Unfortunately, there was a flaw in my plan: when I downloaded the game, I realized that it wouldn’t play without a network connection. Now, maybe there’s a good reason for this: maybe the game does more computation than my iPad could handle. Or maybe Linden Labs didn’t think twice about doing it that way: that’s the way they do things. Or maybe they did think twice, but they decided it was best from a maintainability/portability point of view. Or maybe they have some economic reason for doing it that way. Maybe there’s even a reason why it’s better for users, I just can’t think of one.

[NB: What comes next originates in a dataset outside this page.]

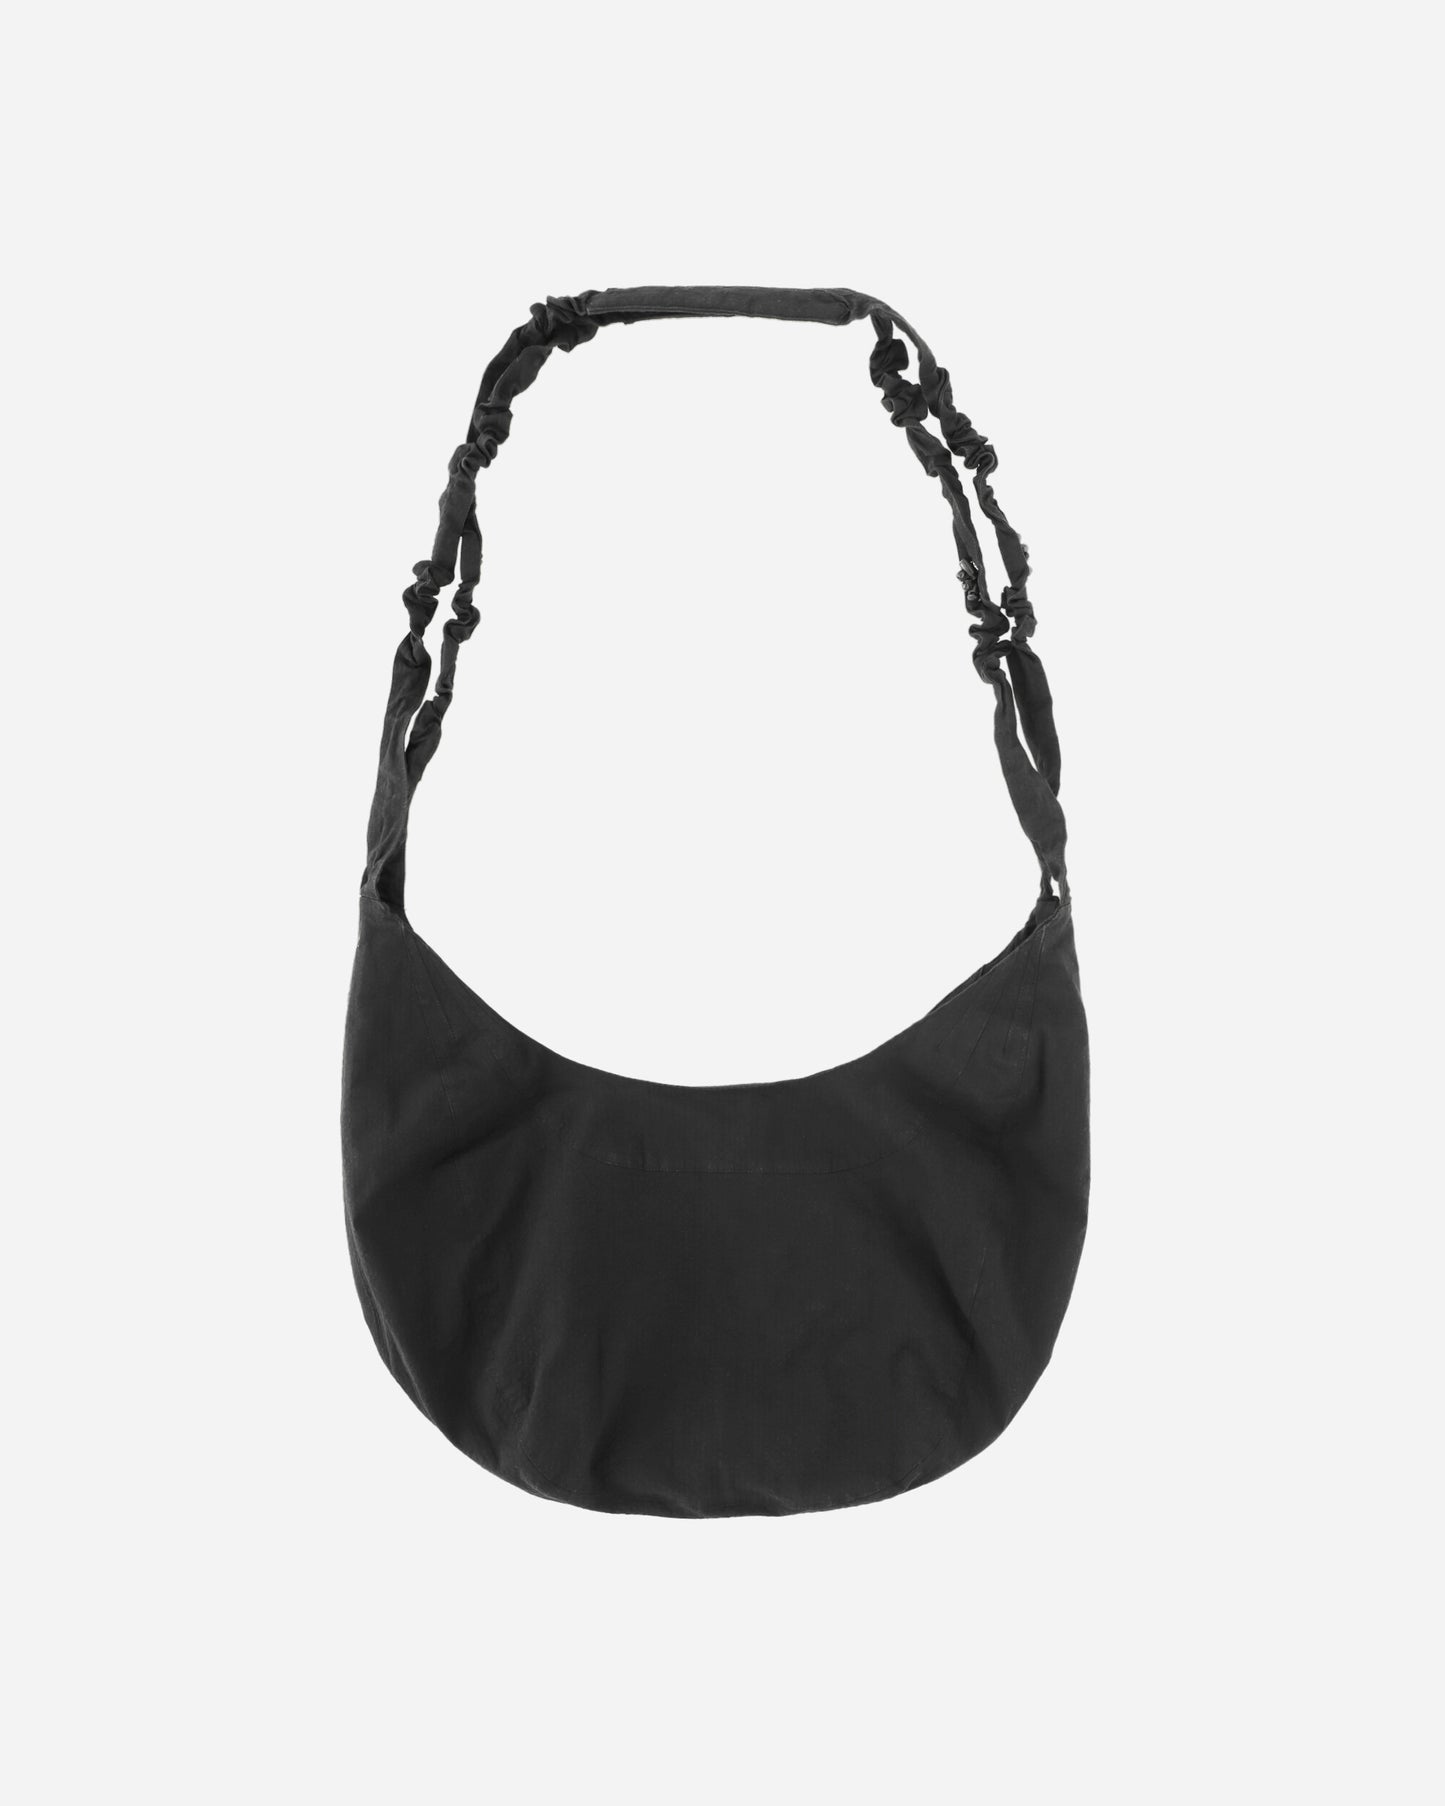 _J.L-A.L_ Torsade Bag Black Bags and Backpacks Shoulder Bags JBUW202FA02 BLK0001
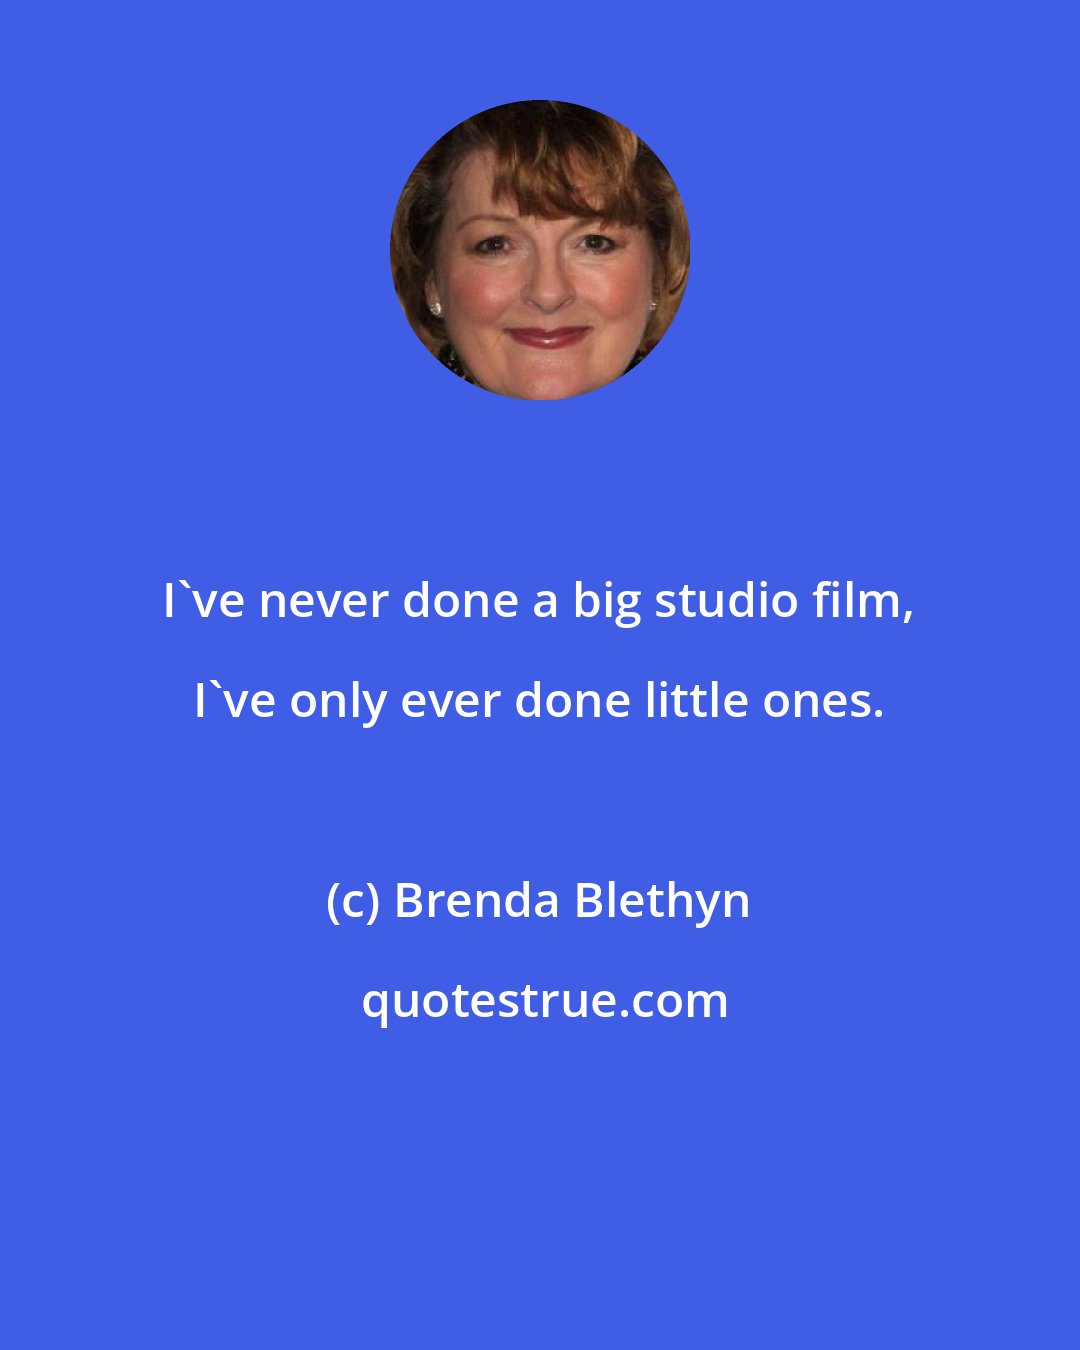 Brenda Blethyn: I've never done a big studio film, I've only ever done little ones.

Who knows; at any rate, not what I expected. And, to be honest, I felt a little bit like I was getting my own Sim City experience. My mood wasn’t helped when, a week later, I was playing the game, and I lost half an hour of play time because it couldn’t sync with the server on one turn. (Yes, I realize that text adventures have been training me for decades to save regularly, but surely that’s a bug, not a feature, especially in iPad games?)
Server interactions aside, what did I think about Versu? I’m glad to have spent a few hours with it: I went through all four scenarios multiple times. But I can’t say I felt too satisfied after that.
Not sure what’s going on there. Maybe it felt like a tech demo? Maybe the themes of the stories didn’t work for me? Maybe I just wasn’t in the mood? Maybe the mechanics need to evolve a bit more? Maybe I prefer either explicit narrative or else sandbox mechanics, whereas this middle ground of exploring a pre-existing narrative space doesn’t work as well for me?
Hard to say; and I certainly won’t swear off playing more stories that use the Versu machinery in the future. But I won’t spend time waiting for stories more to my taste to come along, either.